MEROPS_Hidro_T_renamed <- merops_profile_T %>% 
  rename(!!!lookup) 

Running get_subset_pca:

important_merops_FAMs<-get_subset_pca(tibble_rbims=MEROPS_Hidro_T_renamed, 
                                     cos2_val=0.85,
                                     analysis="MEROPS")
head(important_merops_FAMs)

To visualize the MEROPS subset we can use the following functions:

Use plot_heatmap with the argument distance = T to visualize the clustering of the bins/genome samples based on the MEROPS domains.

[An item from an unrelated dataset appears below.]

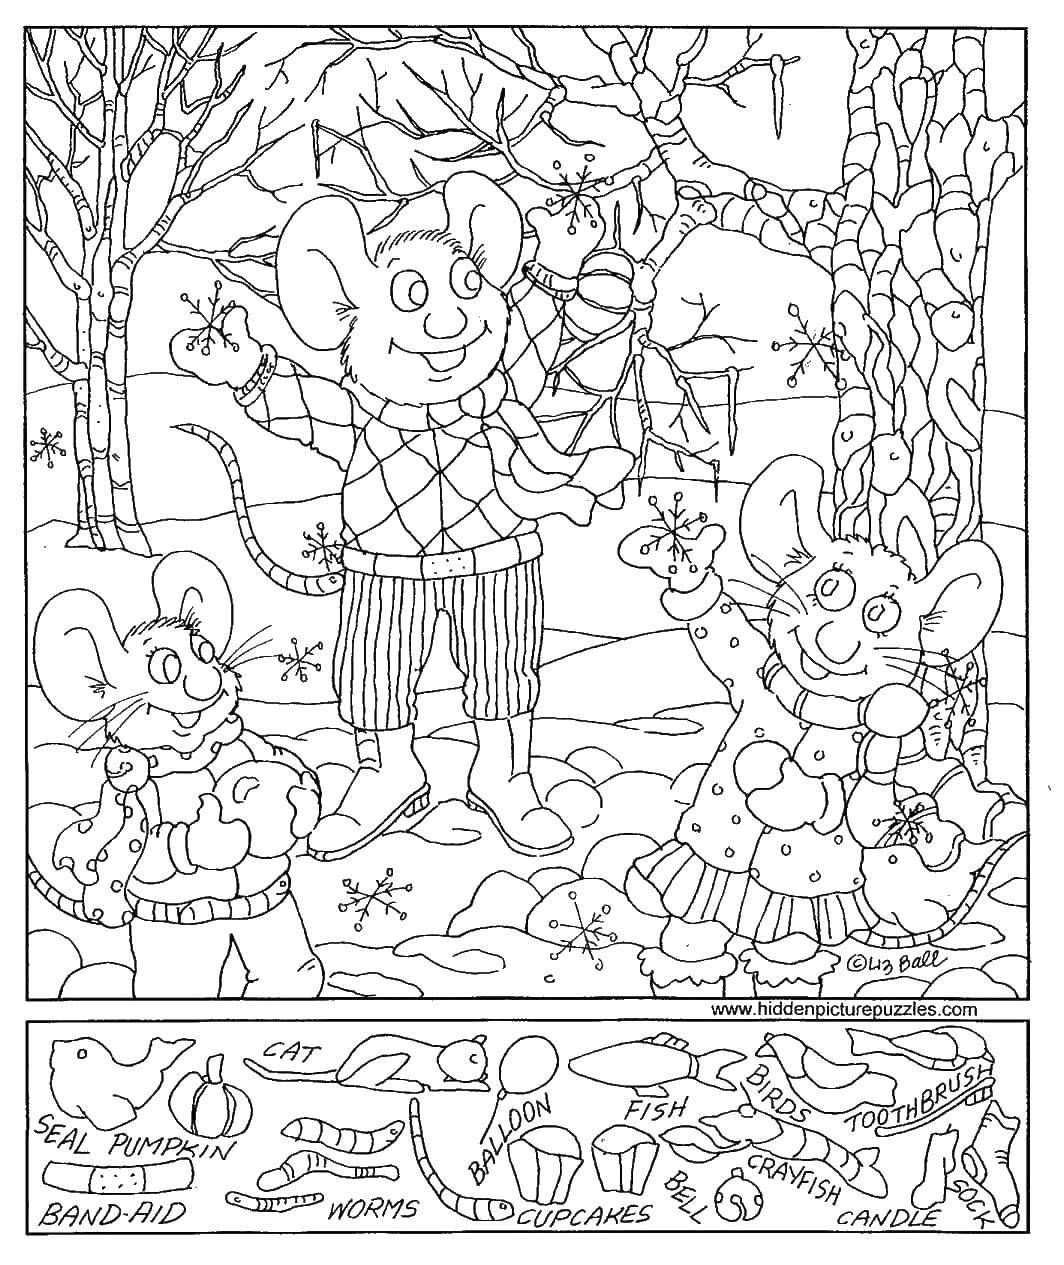 Coloring Mouse. Category Find what is hidden. Tags:  find hidden, objects, click.

plot_heatmap(important_merops_FAMs, 
             y_axis=MEROPS_family, 
             analysis = "MEROPS", 
             distance = T)
Figure 1. Clustering of MEROPS families across bins.

Figure 1. Clustering of MEROPS families across bins.

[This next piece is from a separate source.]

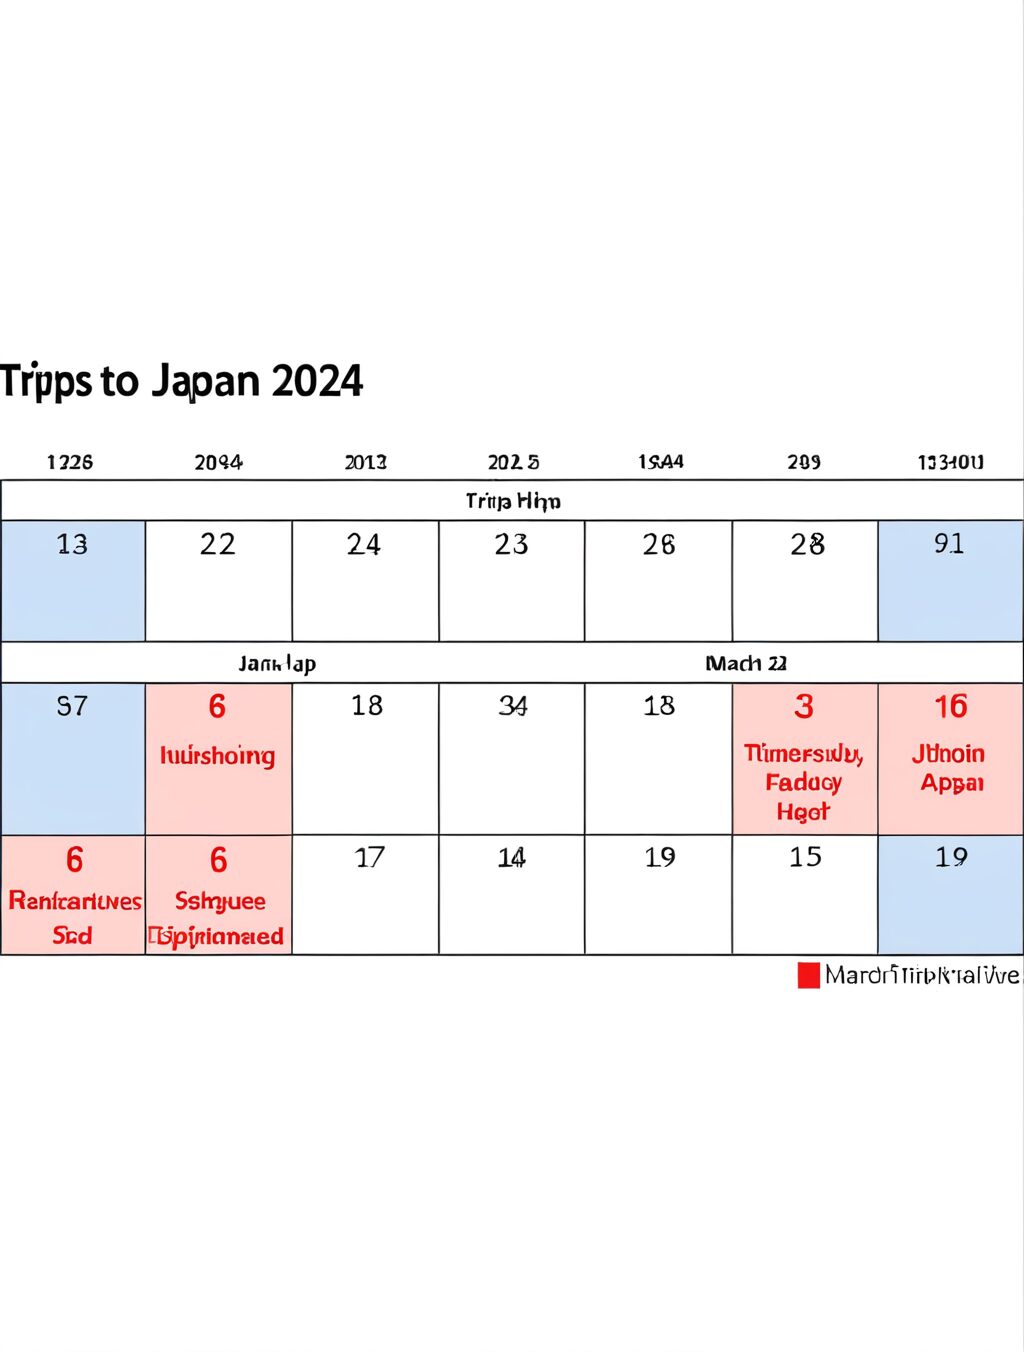 trips to japan march 2024

Use plot_heatmap with the argument distance = F to visualize the presence/absence of MEROPS domains across the bins/genome samples.


plot_heatmap(important_merops_FAMs, 
             y_axis=MEROPS_family, 
             analysis = "MEROPS", 
             distance = F)
Figure 2. Presence/Absence of MEROPS families across bins.

Figure 2. Presence/Absence of MEROPS families across bins.

For plot_bubble, the user has two options for the argument calc:

  • Binary

plot_bubble(important_merops_FAMs, 
            y_axis=MEROPS_family, 
            x_axis=Bin_name, 
            calc = "Binary",
            analysis = "MEROPS", 
            data_experiment = metadata_renamed, 
            color_character = Depth,
            order_bins = ordered,
            y_labs = "Most contributing MEROPS families",
            text_y = 10,
            x_labs = "Bins",
            text_x = 9)
#> Scale for size is already present.
#> Adding another scale for size, which will replace the existing scale.
Figure 3. Presence of MEROPS families across bins.

Figure 3. Presence of MEROPS families across bins.

Or

  • Abundance


plot_bubble(important_merops_FAMs, 
            y_axis=domain_name, 
            x_axis=Bin_name, 
            calc = "Abundance",
            analysis = "MEROPS", 
            data_experiment = metadata_renamed, 
            color_character = Class,
            y_labs = "Most contributing MEROPS families",
            text_y = 10,
            x_labs = "Bins",
            text_x = 9,
            range_size = c(1,5))
Figure 4. Abundance of MEROPS families across bins.

Figure 4. Abundance of MEROPS families across bins.